Direct glass-to-glass bonding obtained via simplified ammonia-based low-temperature procedure resists high shear stress and powerful CW fiber laser irradiation

Direct glass-to-glass bonding is important for high-technology components in optics, microfluidics, and micro-electromechanical systems applications. We studied direct bonding of 1 mm thick soda-lime float glass substrates. The process is based on the classic RCA-1 cleaning procedure from the semiconductor industry modified with an ammonium hydroxide rinse, followed by a thermal treatment under unidirectional pressure without the need for a dedicated drying step. RCA-1 uses a solution of ammonium hydroxide and hydrogen peroxide to clean contaminants off the surface of silicon and enable subsequent bonding. Bond quality was evaluated using destructive shear testing. Strong bonds (approximate to 7.81 MPa on average) were achieved using unidirectional pressure of approximately 0.88 MPa and bonding temperatures between 160 degrees C and 300 degrees C applied for 30 min. Surface roughness and chemistry was characterized before and after cleaning. The optical robustness of the bonds was tested and shown to be capable of surviving high powered continuous wave (CW) fiber laser irradiation of at least 375 W focused for 2 s without delamination. Melting of the substrate was observed at higher powers and longer exposure times.

Automated summary

Direct glass-to-glass bonding is crucial for high-technology applications in optics, microfluidics, and micro-electromechanical systems.

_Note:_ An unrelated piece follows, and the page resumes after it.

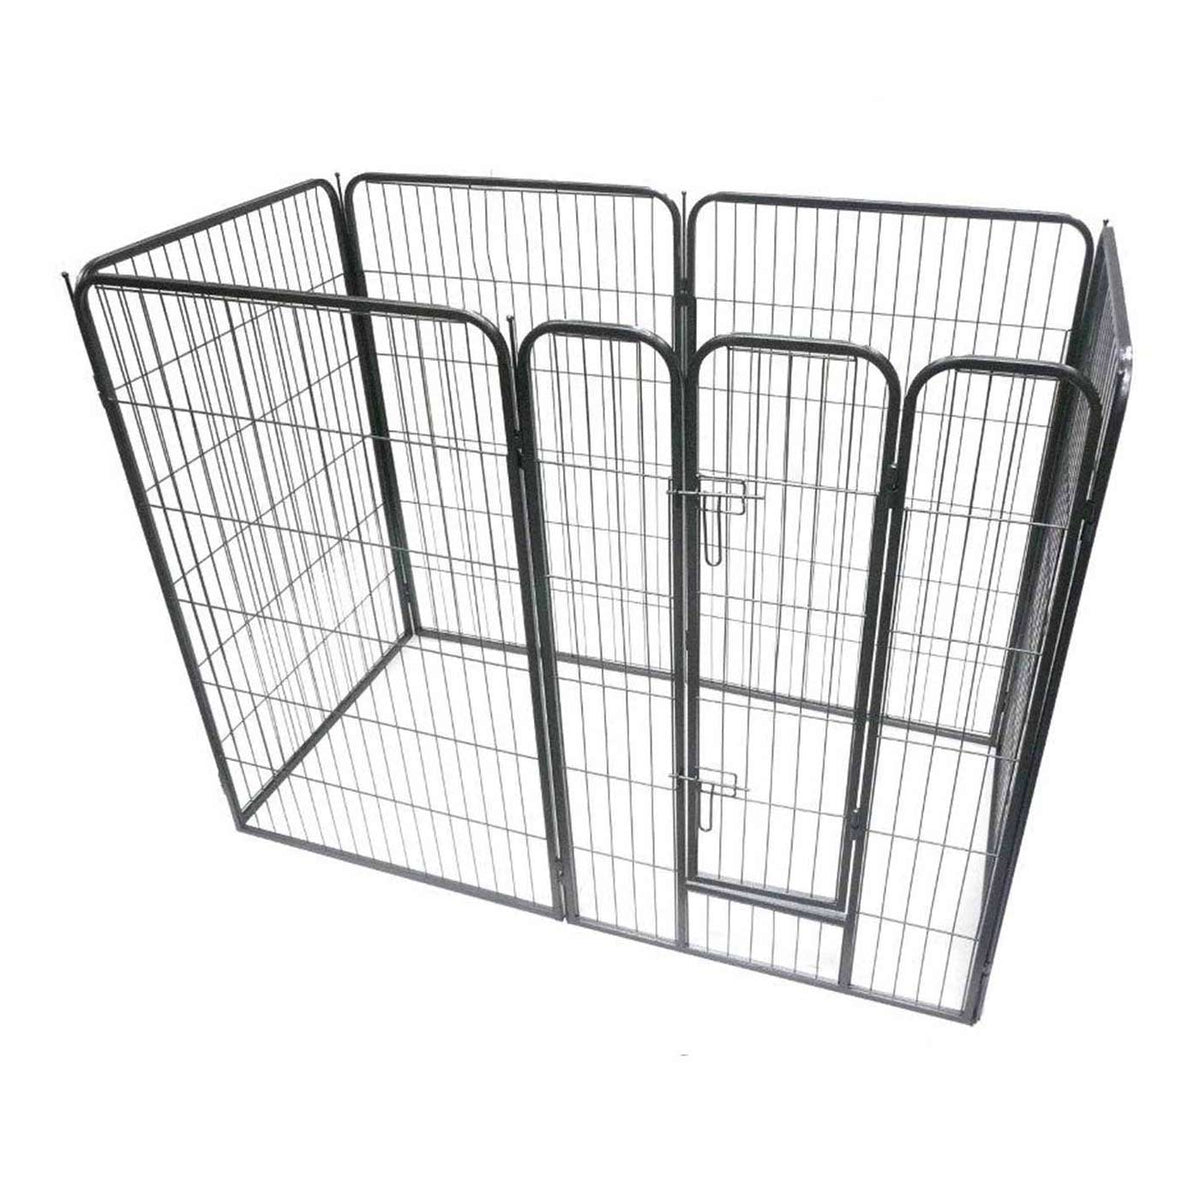 Dog crate, play pen and other accessories | dubizzle
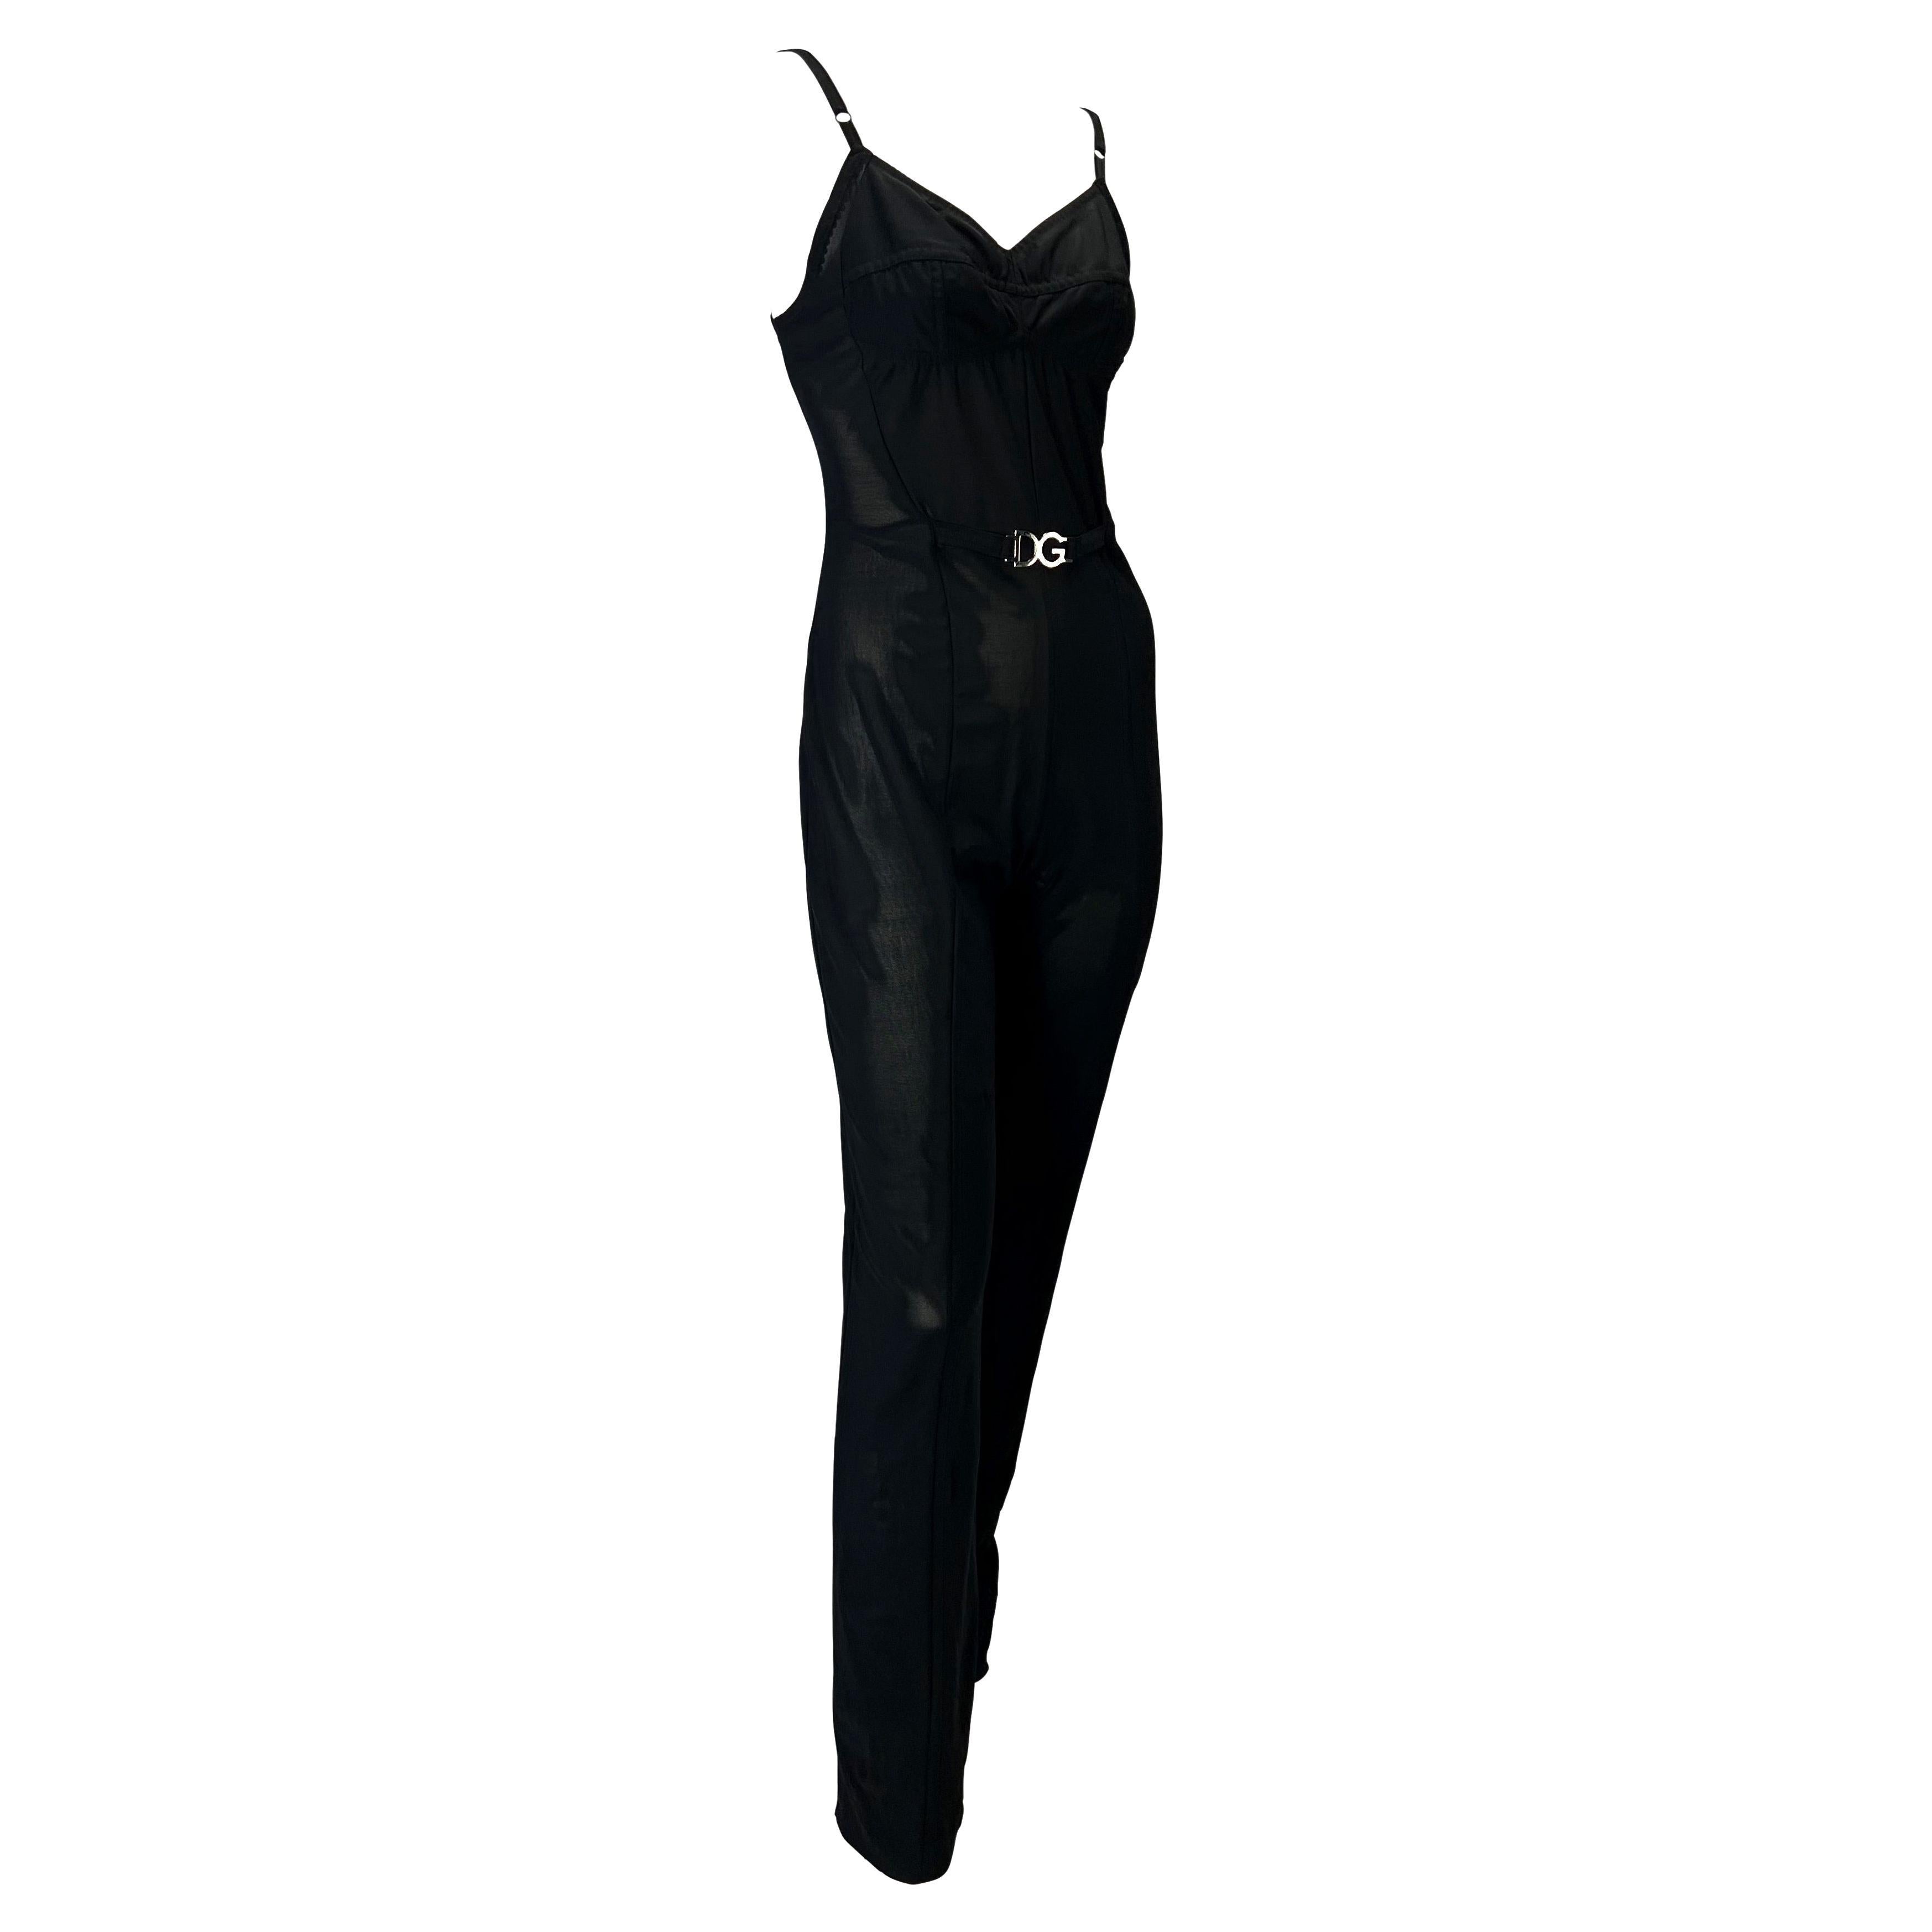 Mid 1990s Dolce & Gabbana Logo Black Bustier Corset Sheer Stretch Catsuit  In Good Condition For Sale In West Hollywood, CA

In this study, we investigated the bonding process of 1 mm thick soda-lime float glass substrates. By modifying the classic RCA-1 cleaning procedure and applying unidirectional pressure along with thermal treatment, we achieved strong bonds with an average shear strength of approximately 7.81 MPa. The bonded glass substrates exhibited robustness against high powered continuous wave fiber laser irradiation without delamination.